Therefore, how to provide a training model and a method for a power equipment fault detection model to achieve better performance of optimization, recognition and classification tasks and improve the accuracy of model detection is a technical problem to be solved urgently by those skilled in the art.

Disclosure of Invention

In view of the defects of the prior art, the invention aims to provide a power equipment fault detection model based on an attention mechanism set GRU, which is reasonable in design, sufficient in data utilization and high in detection accuracy.

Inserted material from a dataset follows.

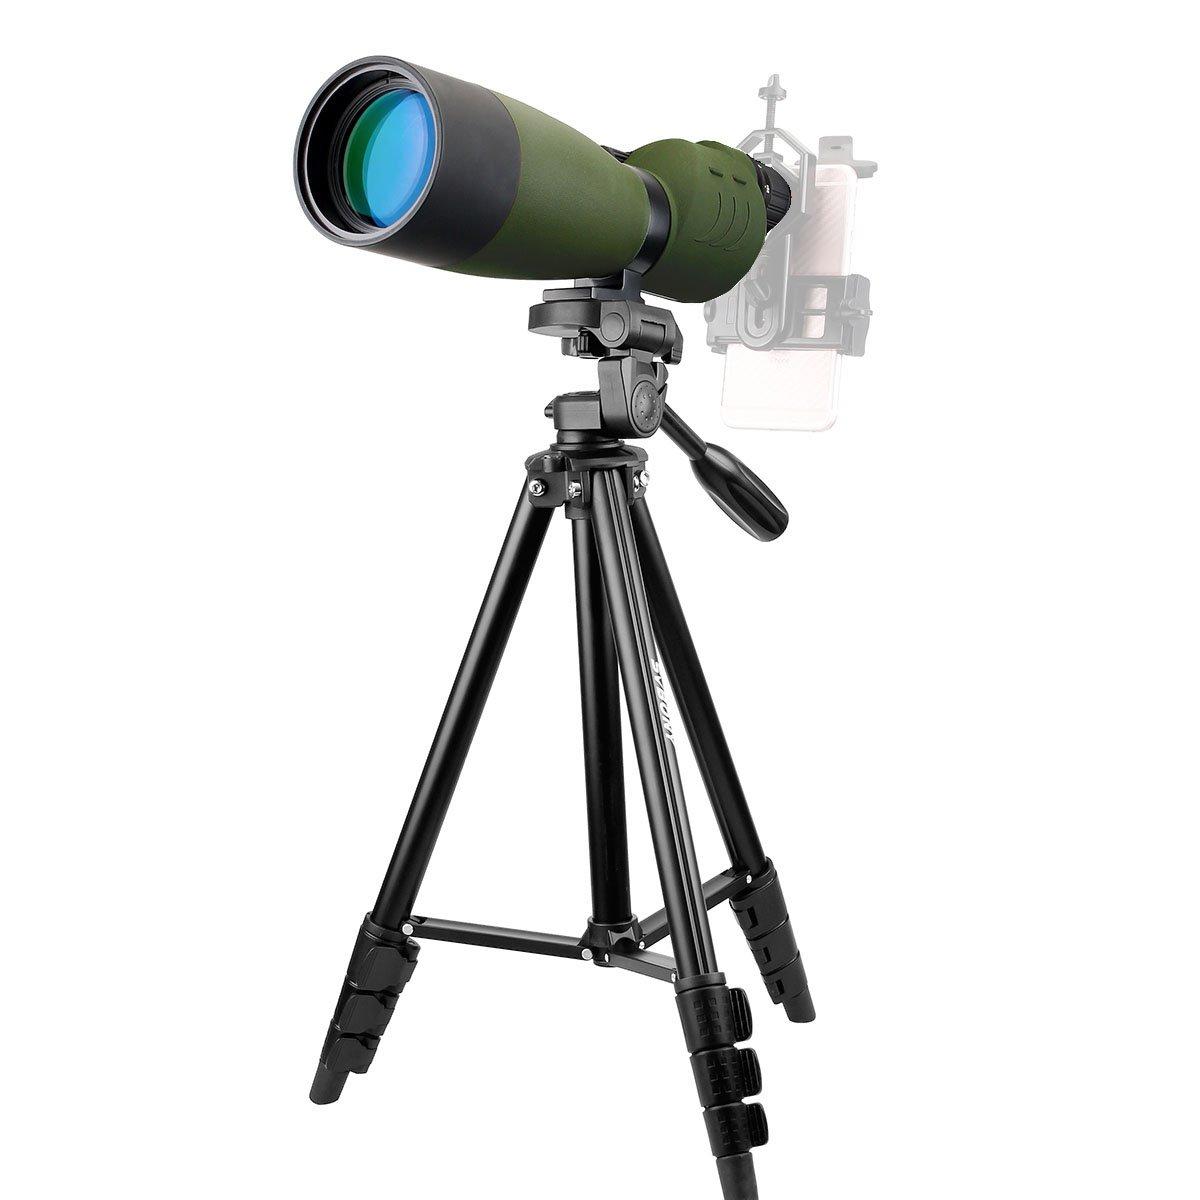 SVBONY SV17 Spotting Scope for Target Shooting Straight scope pic-5

In order to achieve the above object, the present invention provides an attention mechanism-based power equipment failure detection model combining GRU, the power equipment failure detection model comprising a classification neural network model whose training data is derived from a preprocessing model, the preprocessing model comprising an up-sampling module, a word embedding representation learning module, a GRU module, an attention mechanism module and a graph attention mechanism module,

the up-sampling module is used for converting input unbalanced power equipment data into balanced data;

the word embedding representation learning module is used for embedding and representing the balance data and outputting an embedded representation based on a historical state sequence represented by the power equipment, a tag data embedding representation and a power equipment portrait characteristic;

the GRU module is used for extracting time and space characteristics of the electric power equipment from a history state sequence which is output by the word embedding representation learning module and is based on the electric power equipment representation;

the attention mechanism module is used for extracting state sequence features from the time and space features of the equipment;

the graph attention mechanism module is used for extracting environment information of the power equipment from the embedded representation of the power equipment portrait characteristics;

and performing alignment fusion on the state sequence features, the label data embedded representation and the environment information to serve as training data input of the classification neural network.

Further, the up-sampling algorithm adopted by the up-sampling module is an SC-SMOTE up-sampling algorithm.

Further, the SC-SMOTE upsampling algorithm specifically includes:

step 21: traversing input power equipment data set data, and determining a majority seed sample and a minority seed sample;

step 22: according to the seed sample information, simultaneously performing upsampling on the majority class and the minority class, and calculating the number of samples generated by each minority type of seed samples;

step 23: after the number of samples generated by each few types of seed samples is obtained, carrying out linear interpolation to obtain a final new sample, and combining the newly generated sample and the original seed sample together to generate a balanced sample data set;

step 24: and carrying out embedded representation on the data in the generated balance sample data set.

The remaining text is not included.